### Supplied data

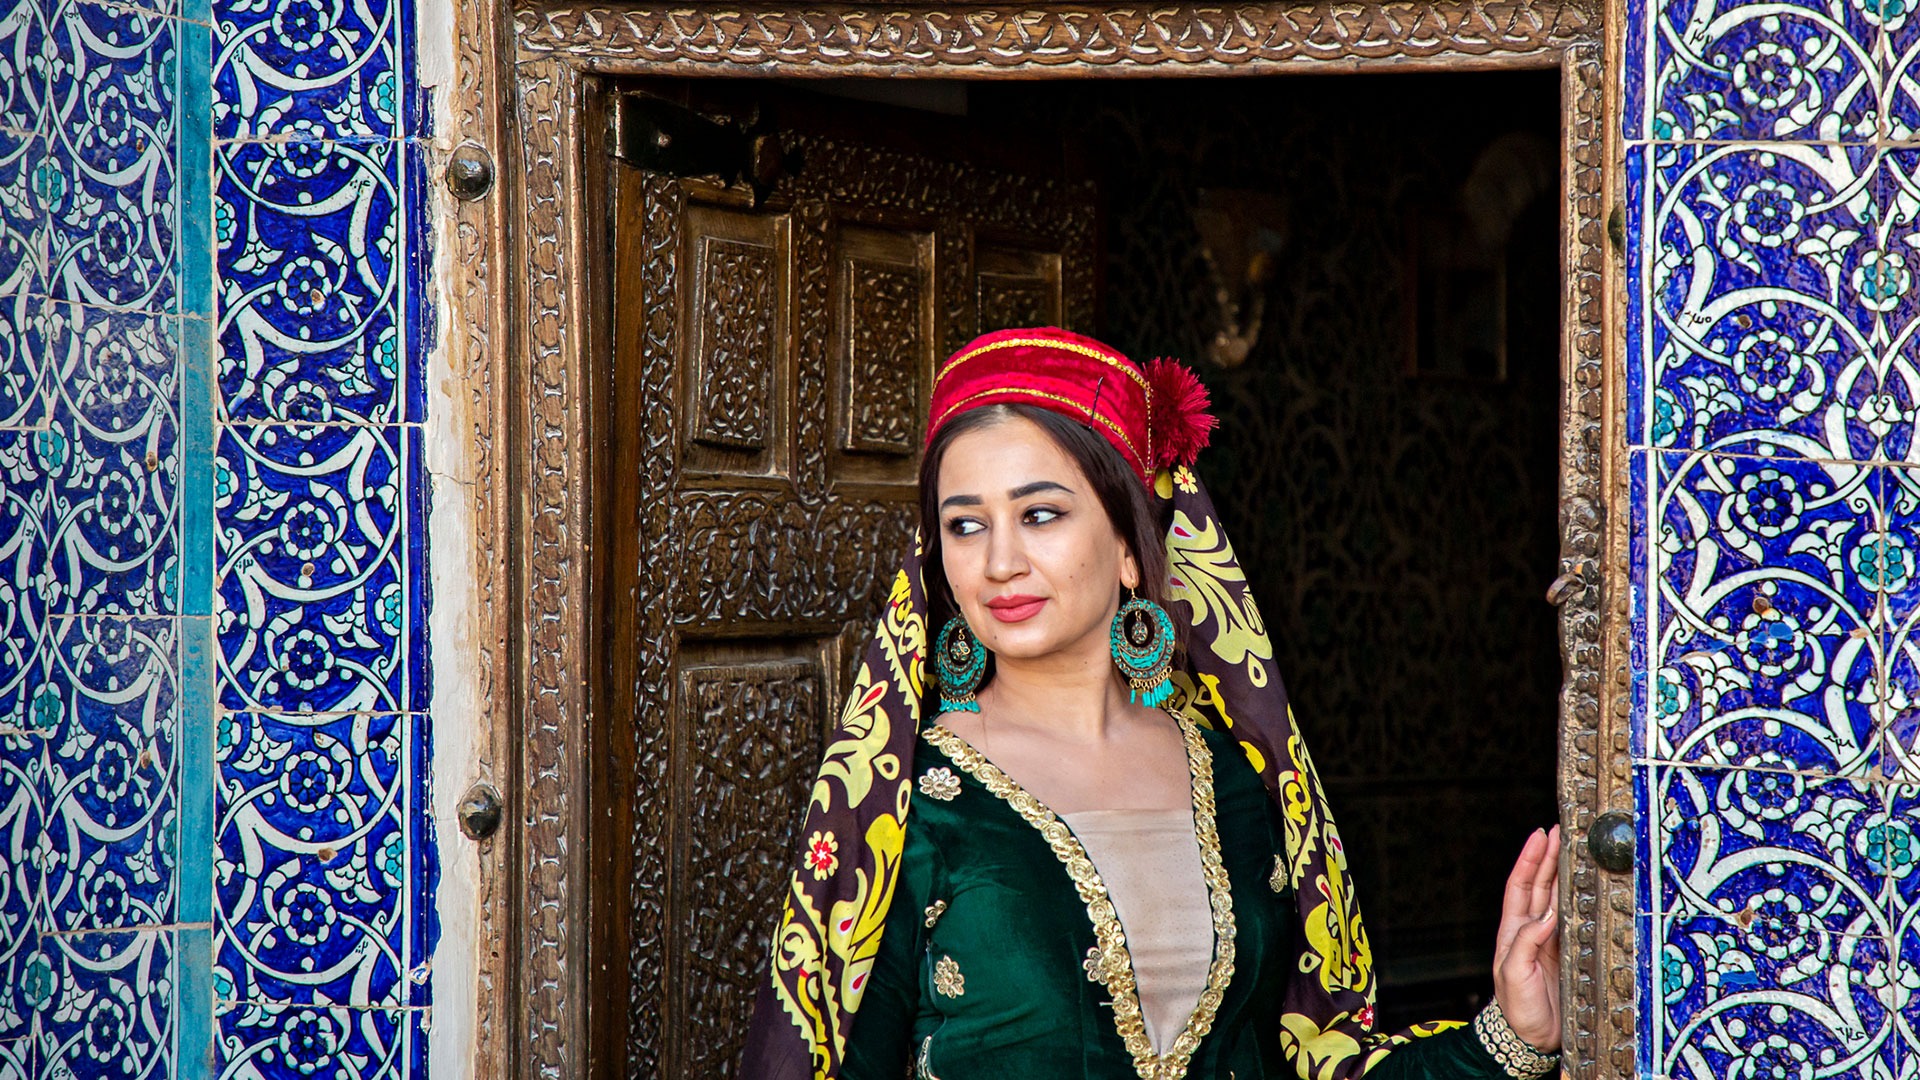 Uzbek woman, Khiva, Uzbekistan
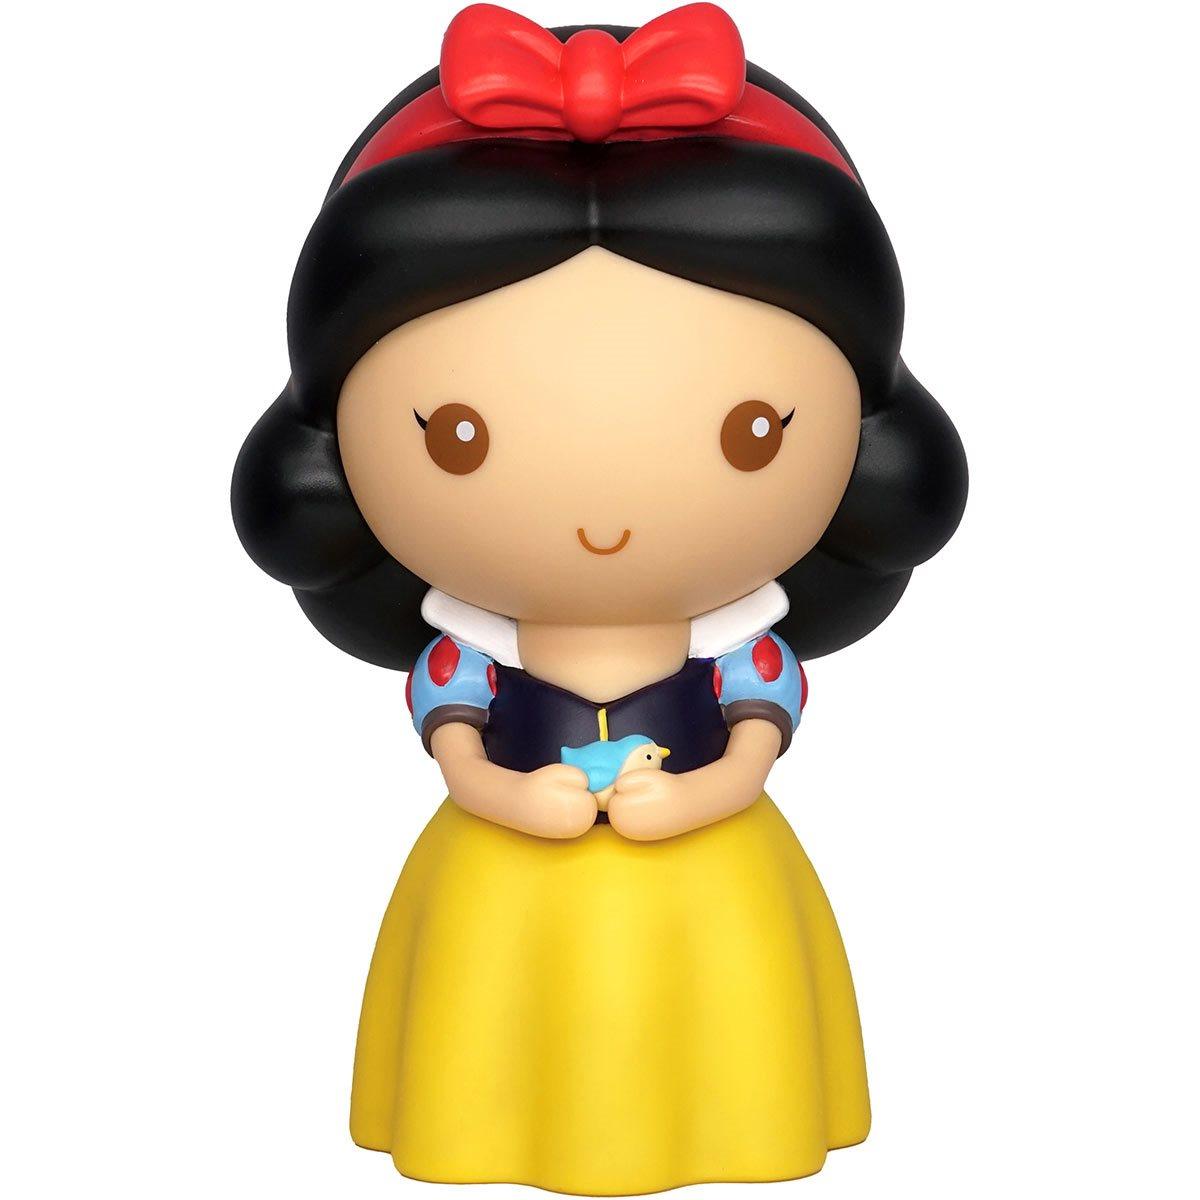 Disney Princess Snow White Figural Bank
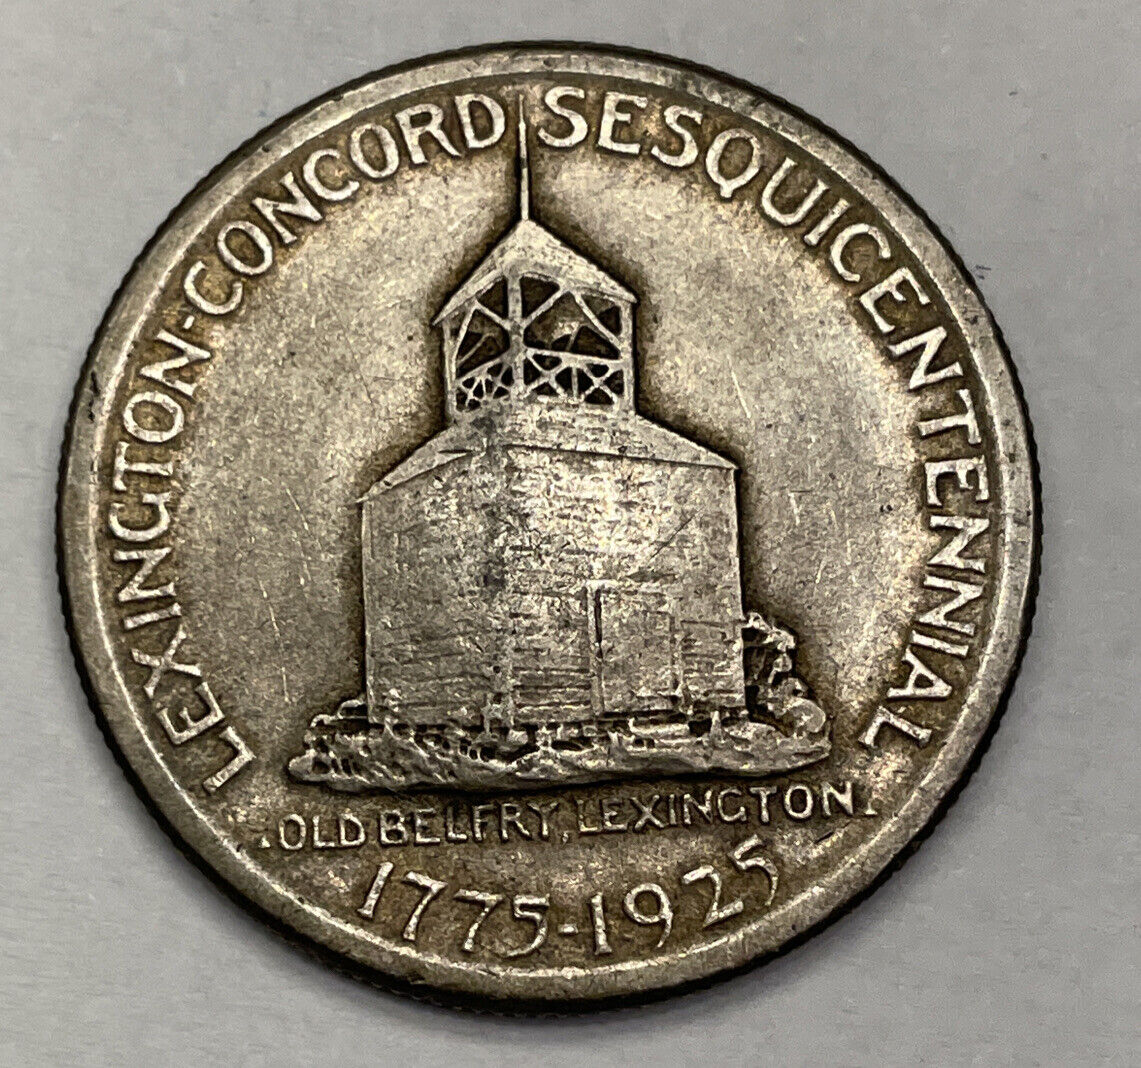 Lexington/Concord Sesqi commemorative Minute Man 1925 Silver Half $ Extra Fine
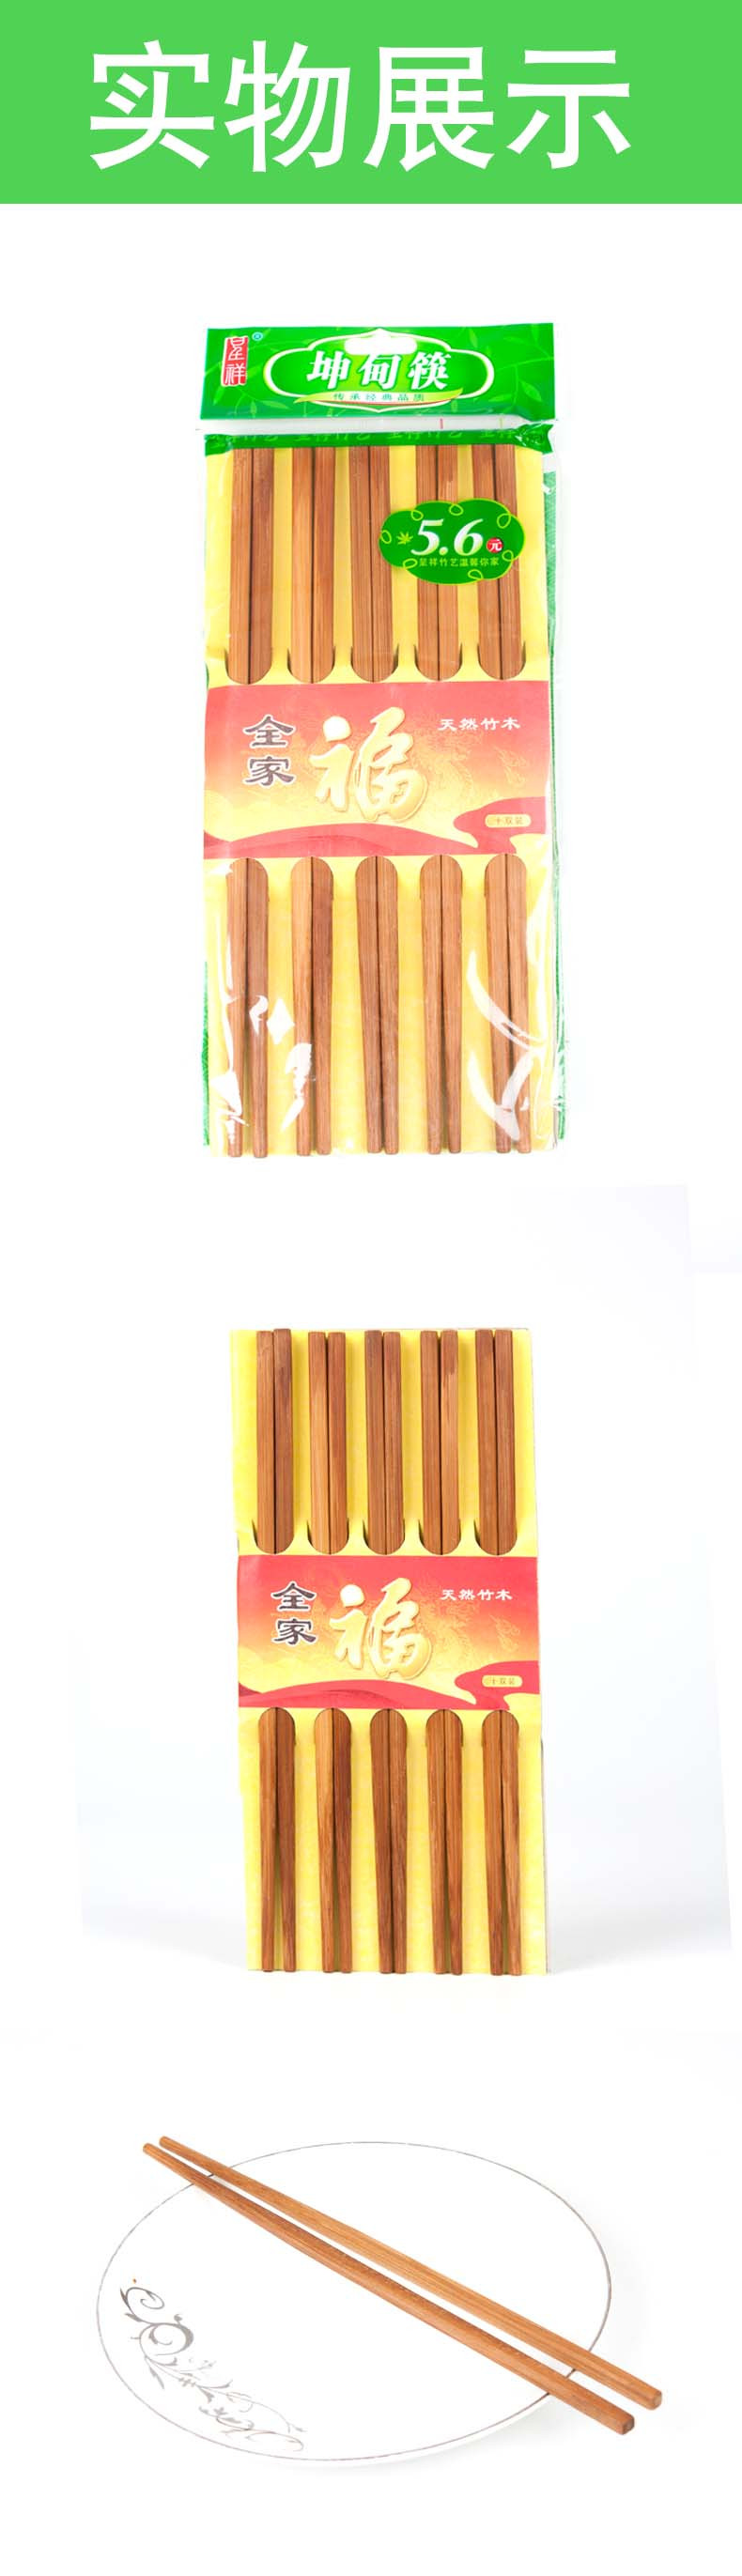 【邮乐濮阳馆】QF-雪鸟 坤甸筷 1.99元1板  天然竹木 全家福  10板包邮

### Directions for this task
Return the material in full, word for word, and skip the pictures.

### Output of the task
 Uzbek woman, Khiva, Uzbekistan
 Disney Princess Snow White Figural Bank
 Lexington/Concord Sesqi commemorative Minute Man 1925 Silver Half $ Extra Fine
 【邮乐濮阳馆】QF-雪鸟 坤甸筷 1.99元1板  天然竹木 全家福  10板包邮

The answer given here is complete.